13 Jan Can son remain in 55-and-over community after parent dies?
Q. After someone dies and the estate is settled, how long can the deceased’s name remain on the deed? Can the house be listed to the deceased forever? This person was 70 and living in a 55-and-over Community with his 40-year-old son. A will left everything, including the house, to the son. Can the son remain in the 55-and-over community or will he have to sell the house and move?
A. There’s a lot to consider here.
First, the deceased person’s name can remain on the deed indefinitely, but at the moment of death the property passes “by operation of law” regardless of what the deed says, said Nancy Heslin Reading, an estate planning attorney with Reading Law Firm in Newton.
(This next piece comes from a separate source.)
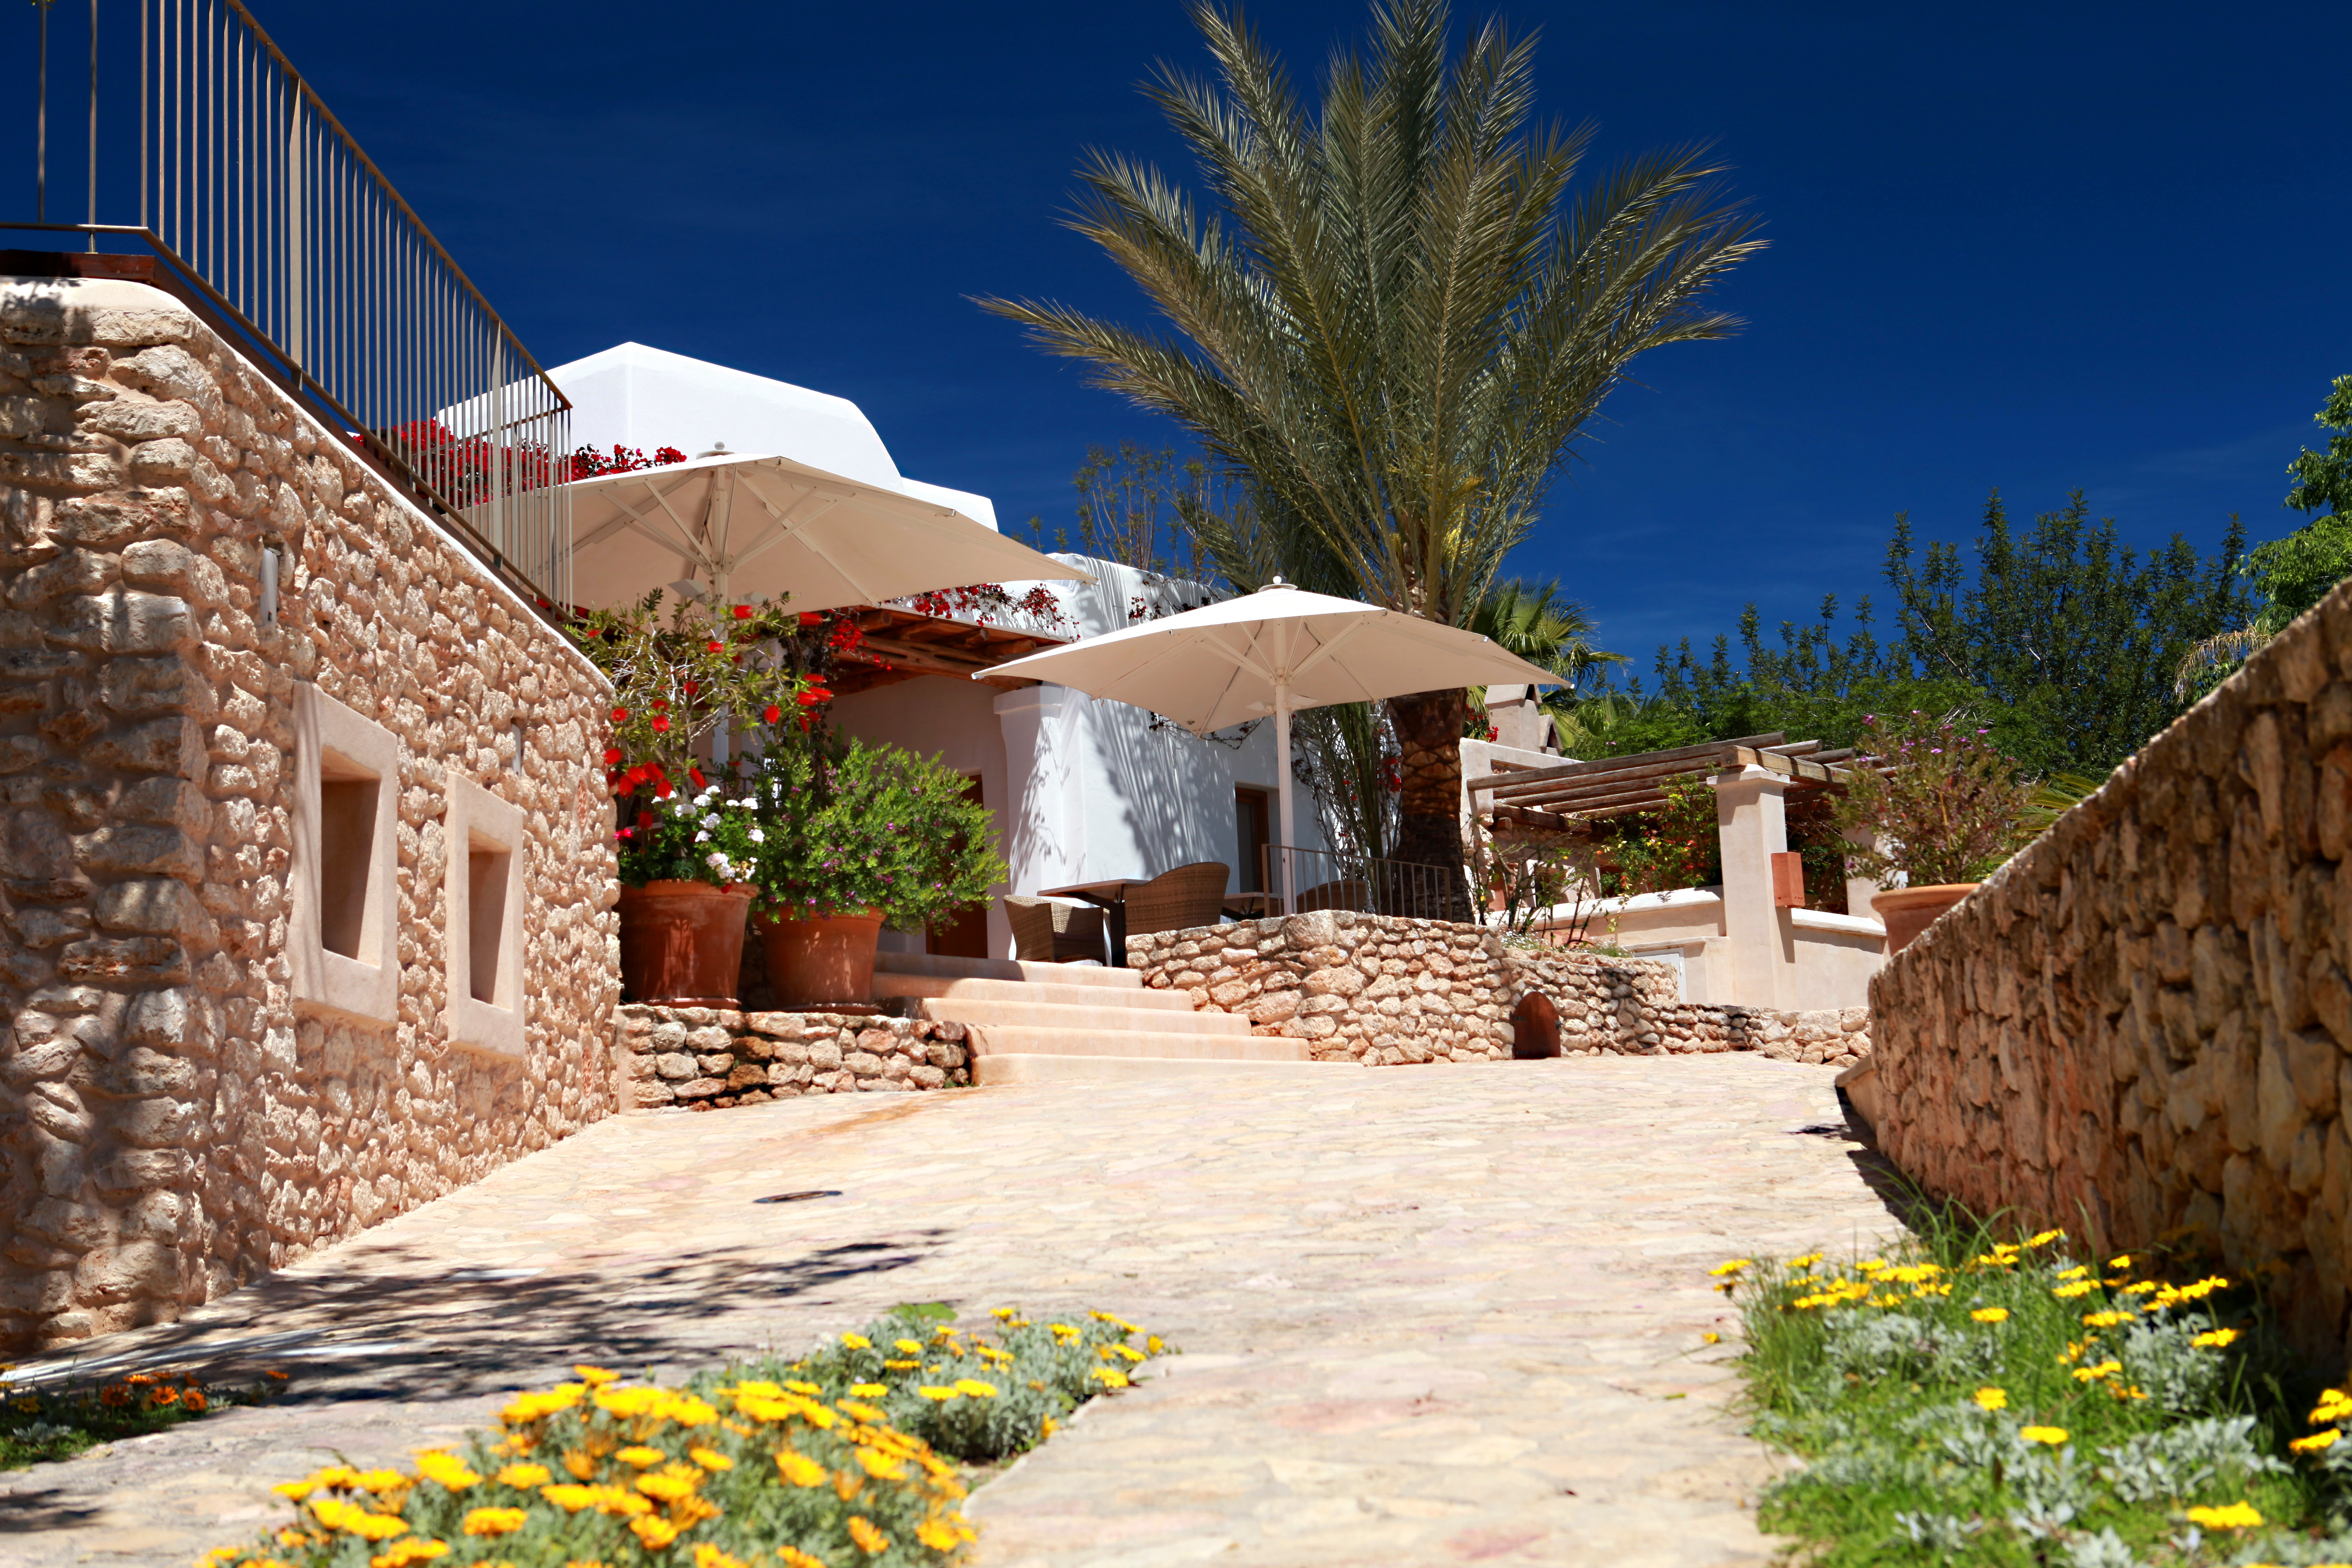 Ibiza holiday villas fabulous luxury villas in the for Ibiza country villas

“For instance, if the deed was titled as husband and wife, the surviving spouse would become the sole owner `by operation of law’ at the death of the first spouse regardless of whether a new deed was actually filed,” she said.
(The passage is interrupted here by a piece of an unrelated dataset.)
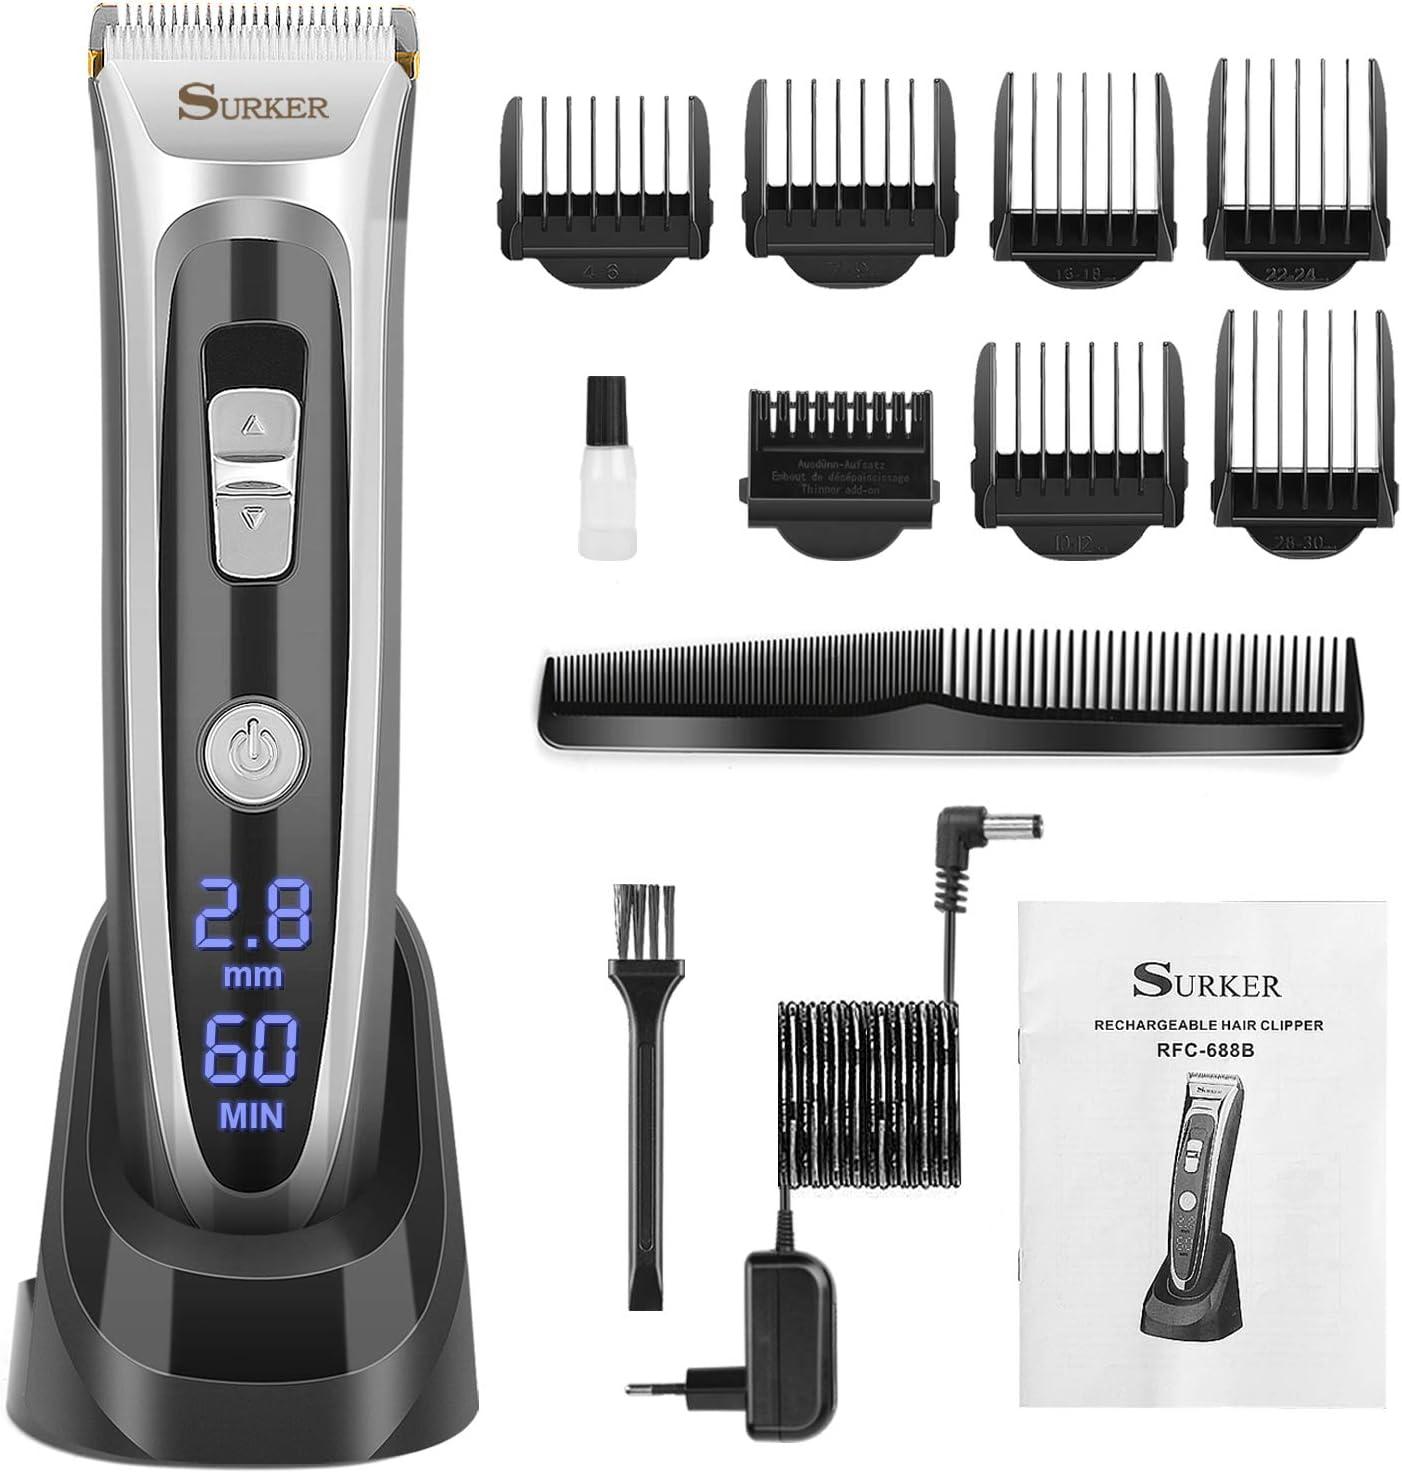 Máquina de Cortar Pelo, Recortador de Barba, Cuchillas de Cerámica, Recargable, 60 Min de uso sin Cable (Black)

The important item here is what the by-laws of the 55-and over community say.
“I can’t imagine any circumstance under which the son could remain,” Reading said. ”A will can only convey what the decedent owned, and I doubt that the decedent owned the right to convey his/her property interest to a non-senior.”
The will also needs a careful reading, she said.
Does the will leave the residuary estate to the son, or does it specifically leave the home to the son?
“If the son inherits the residuary estate, then the home typically is liquidated and the proceeds are inherited by the son,” she said. “If it specifically leaves the home to the son, my suspicion is that the bequest must fail in which case I believe the home is liquidated and the proceeds pass as part of the residuary estate.”
Reading also said there’s a good possibility that all this time, the son may not have been living there with the approval of the by-laws, though there could be an exception to the by-laws for someone who is disabled.